Flamboyant youthful businessman Genius Kadungure has boasted that he has bought a 2017 Bentley Bentayga — a supercar, which costs R4 million.
Kadungure, 33, has been showing off on social media the sport utility vehicle — the fastest SUV ever built, which is a powerful, all-terrain, all-purpose car.
The pictures are all the more astonishing since the economy has been decimated and inflation is currently running at over 400 per cent, according to independent estimates.
While the military has forced former leader Robert Mugabe’s exit and President Emmerson Mnangagwa has taken over on anti-corruption platform, these filthy rich youngsters are showcasing their wealth all over social media.
The South African-registered car branded ‘‘Bhuru 1’’, would have cost the self-styled cooking gas tycoon more than R4 million to land the exclusive SUV in Zimbabwe if a 100 percent duty tariff was applied for the importation of this expensive ride.
By acquiring this mean machine, which can hit a 0-100 kilometres in 4,1 seconds and has a top speed of 301km/hour, Kadungure joins an elite group of high-rollers, if not car aficionados, such as runaway businessman Frank Buyanga, who also owns a fleet of fast and pricey wheels.
In a video circulating on social media, Ginimbi — as the businessman is affectionately known — gets interviewed by one of his friends and how he feels driving such a ride in such “hard times.”
“This is a Bentyega 2017, welcome to the life of the rich and famous, my guy. Look at this, this is an iPad my guy, not an iPad from iStore, Bentley my guy, Big B my guy, you know,” he says showing off the custom-made iPad on the car.
“I don’t need to go to an iStore to buy an iPad, I have got everything here. This car has WiFi, everything my guy that I need. I don’t need to go to a business centre in case there is an emergency. I just have to take this iPad from the backseat my guy and start googling my guy, Guuuugu in the car.”
The interviewer then asks: “So how do you feel having a ride like this during these hard times?”
The narcistic Ginimbi replies: “To me this is normal my guy, to me this is normal. There is no word called ‘hard time’, what is hard time?”

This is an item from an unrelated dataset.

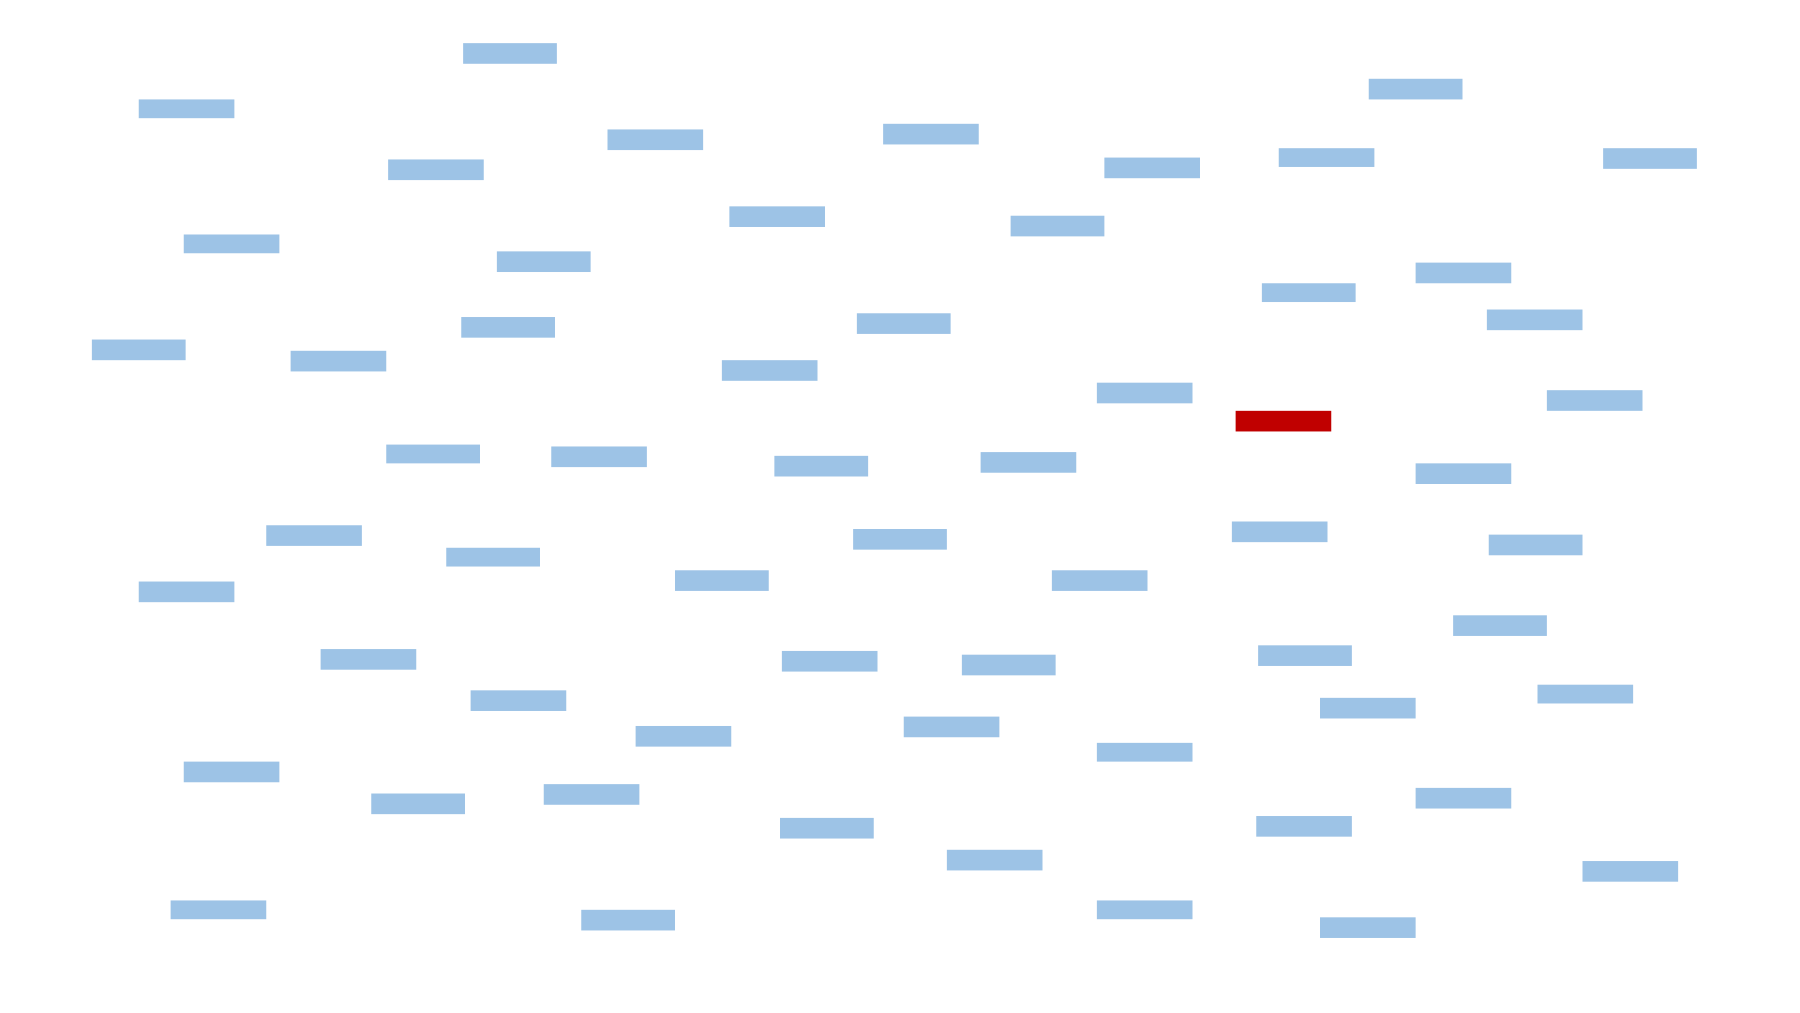 One red bar in a field of blue bars.

As Zimbabweans wait to whet their appetite — and eyes — on the front-engine, all-wheel drive, five-door luxury SUV , it will not be the first time that these young entrepreneurs have wowed crowds with big cars.
Known for throwing lavish white parties and flaunting his fleet of top-of-the-range cars, Ginimbi is the founder and chief executive officer of a gas company, Pioneer Gases, which has interests in Botswana, South Africa and Zimbabwe.

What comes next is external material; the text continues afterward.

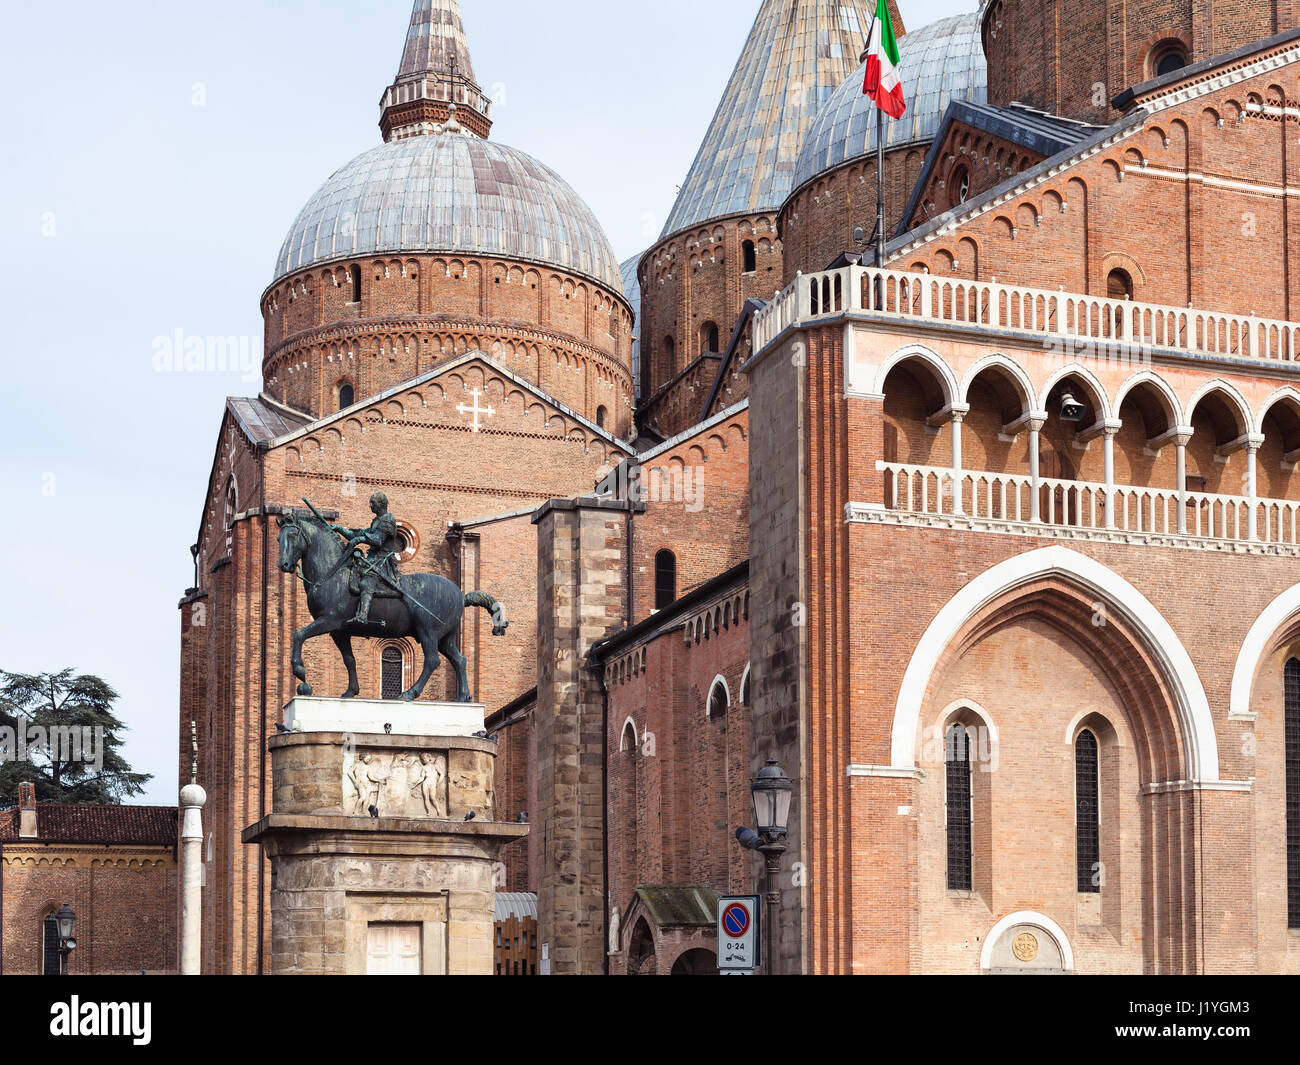 travel to Italy - view of The Equestrian Statue of Gattamelata by Donatello and Basilica of Saint Anthony of Padua on piazza del Santo in Padua city Stock Photo

The company supplies gas to the commercial, industrial, public and retail sectors.
In April last year, a State prosecutor dropped fraud charges against Kadungure, in a R1,5 million scam that had rattled the South Africa-based businessman.
Kadungure was accused of swindling Chegutu West Zanu PF legislator Dexter Nduna, and a Kadoma-based miner, Wyclef Gatawa, of nearly R1,6 million.
But National Prosecuting Authority (NPA) commercial crimes head Chris Mutangadura, said that the State would “no longer pursue the matter after notification from the second complainant of his intention to withdraw the charges following an out-of-court settlement.”
The development also came as the swaggering businessman had sought to drag in Intratrek Zimbabwe boss Wicknell Chivayo into the case, but the latter’s lawyers — Thabani Mpofu and Manase & Manase — vehemently denied their “client’s involvement in petty, low-level transactions as he was a businessman of international repute.”
The State’s case had alleged that Kadungure and his accomplices purportedly acted as State diamond mining firm Marange Resources’ procurement officials, which later referred the victims to a fictitious supplier called Transco Civil Engineering.
Through this elaborate scam and front of non-existent companies in November 2012, the SA-based energy trader allegedly bilked Nduna’s Badon Enterprises and Gatawa after monies were transferred into the bogus entity’s Absa account.
However, the flamboyant lifestyles of these young entrepreneurs comes against a rise in income and wealth disparities in the country, and where scores of people are desperate for get-rich-quick solutions.